§ DATA SHOWN
=-=-=-=-=

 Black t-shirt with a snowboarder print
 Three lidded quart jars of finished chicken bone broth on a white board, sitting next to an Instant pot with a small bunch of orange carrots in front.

=-=-=-=-=

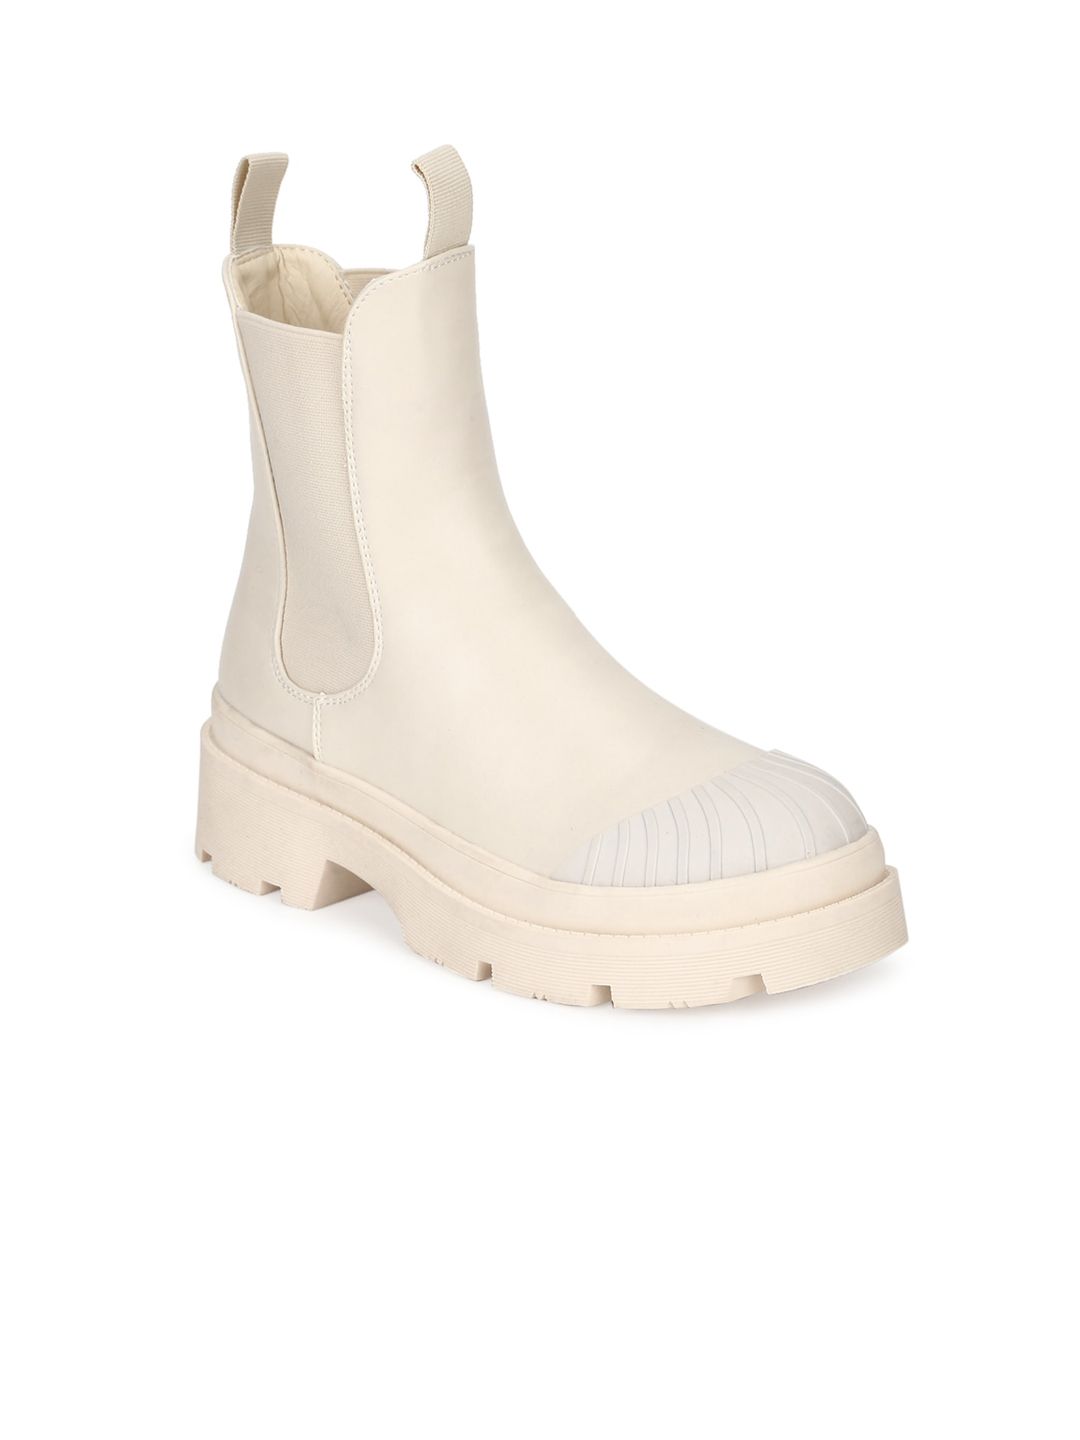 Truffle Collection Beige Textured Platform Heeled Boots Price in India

=-=-=-=-=

§ YOUR INSTRUCTIONS
In the entries above, find each line that includes the string "with" and copy it.

§ YOUR SOLUTION
 Black t-shirt with a snowboarder print
 Three lidded quart jars of finished chicken bone broth on a white board, sitting next to an Instant pot with a small bunch of orange carrots in front.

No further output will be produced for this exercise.